__TASK__:
Go to the line holding "搬家推薦【榮福搬家】搬家口碑" in the data below and repeat it exactly, then each line after it up to and including the one holding "77 Cottage Ave - Photo 1". Omit pictures.

__RECORDS FOR THIS TASK__:
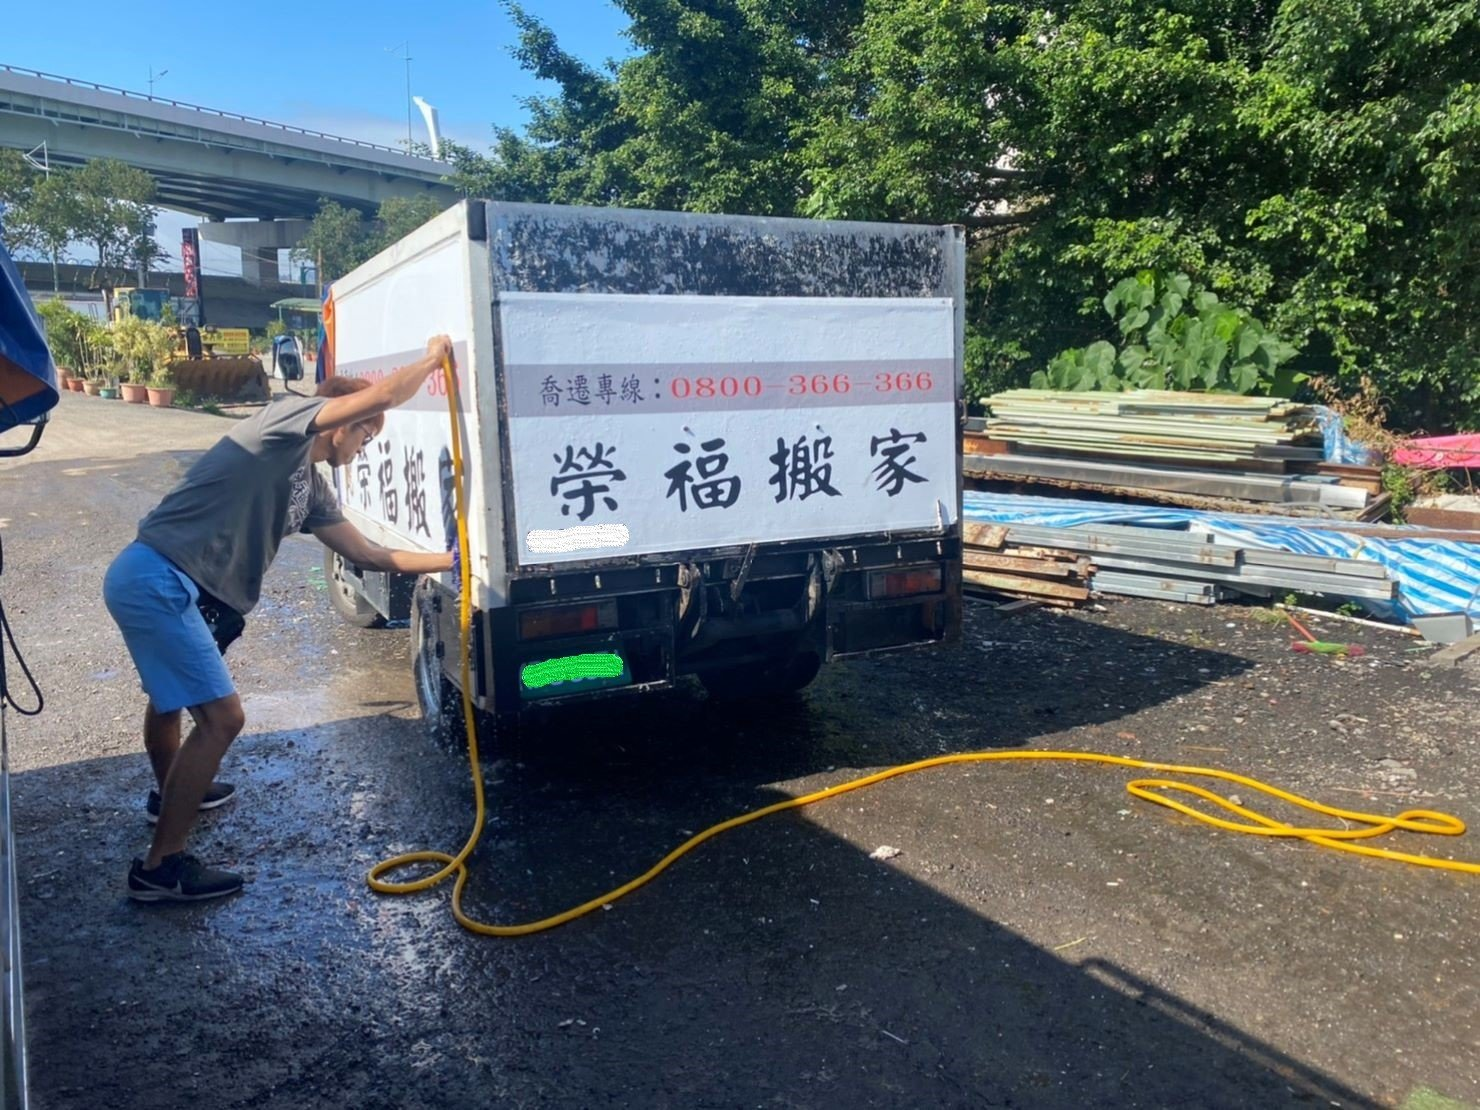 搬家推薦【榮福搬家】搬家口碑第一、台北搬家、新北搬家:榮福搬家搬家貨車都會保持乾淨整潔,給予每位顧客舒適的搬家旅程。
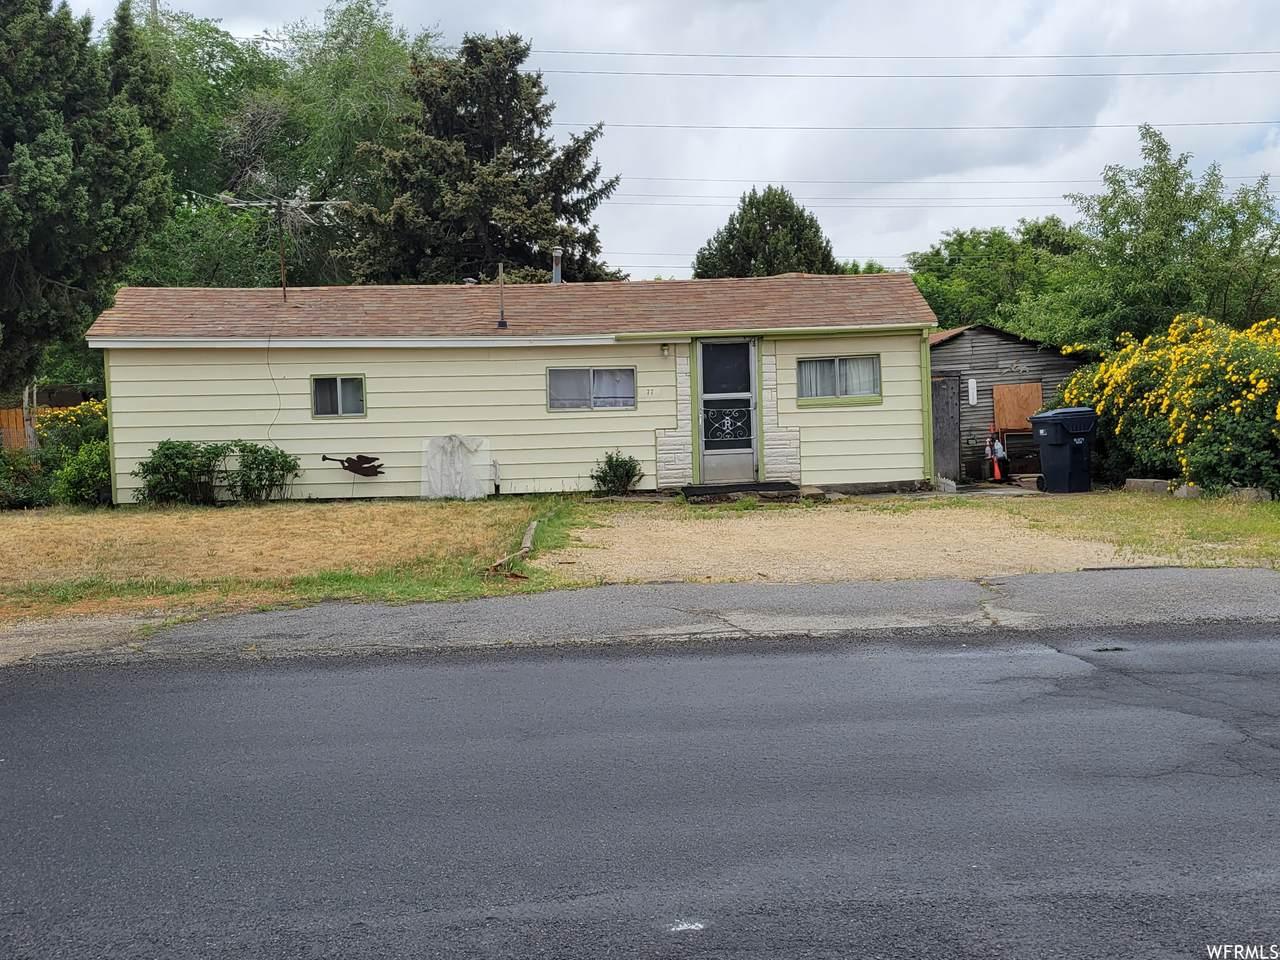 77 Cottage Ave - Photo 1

--

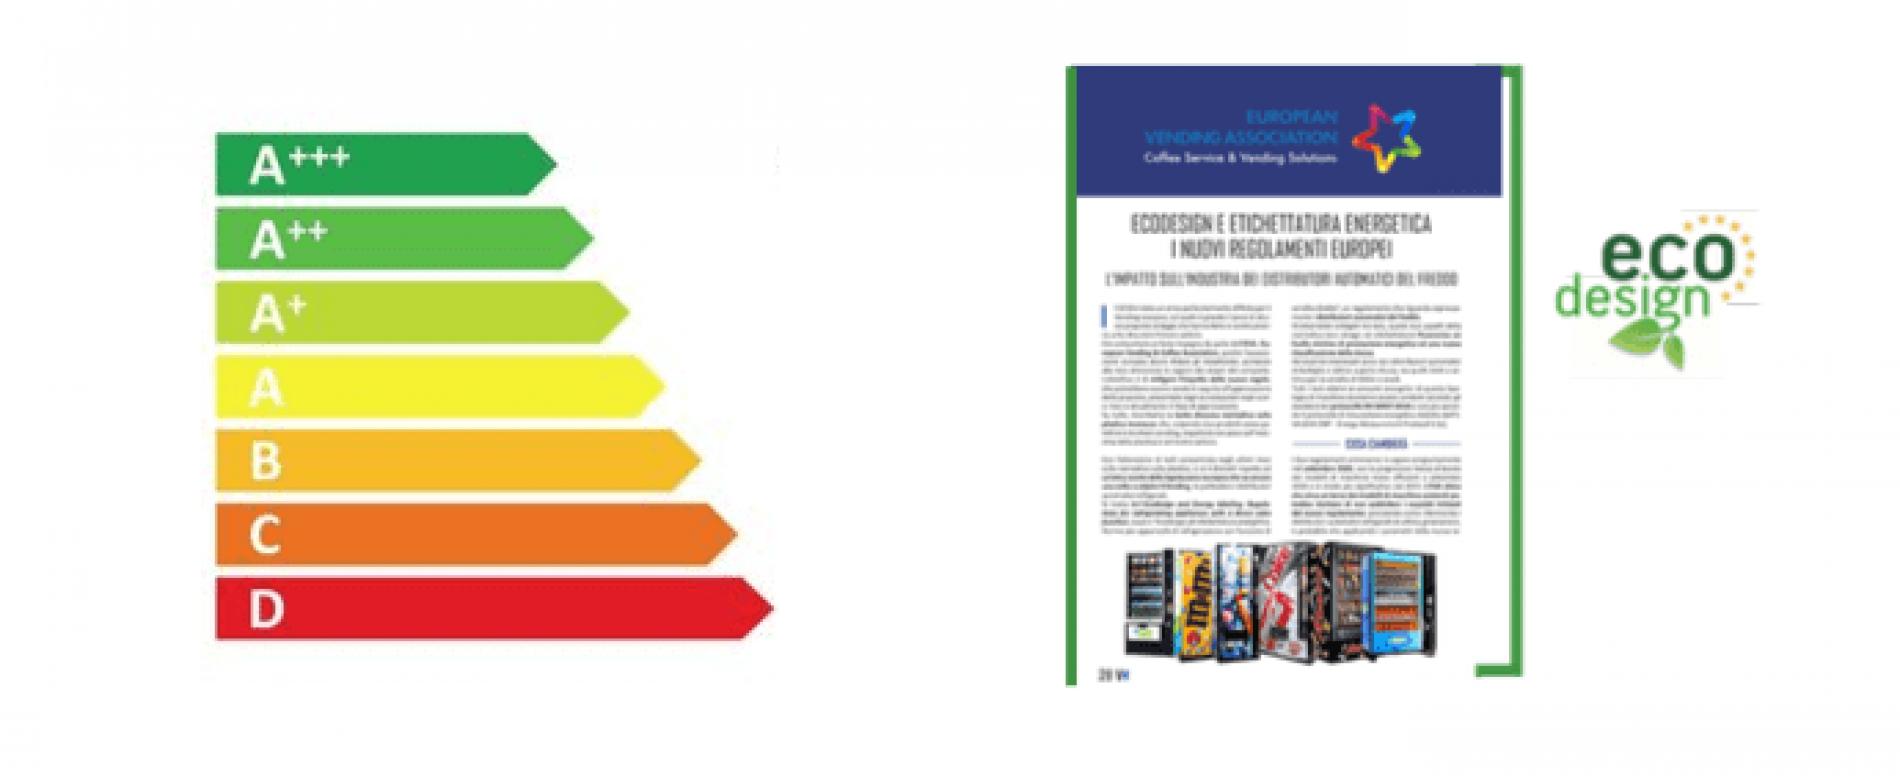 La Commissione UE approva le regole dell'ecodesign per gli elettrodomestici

__ANSWER TO THIS TASK__:
 搬家推薦【榮福搬家】搬家口碑第一、台北搬家、新北搬家:榮福搬家搬家貨車都會保持乾淨整潔,給予每位顧客舒適的搬家旅程。
 77 Cottage Ave - Photo 1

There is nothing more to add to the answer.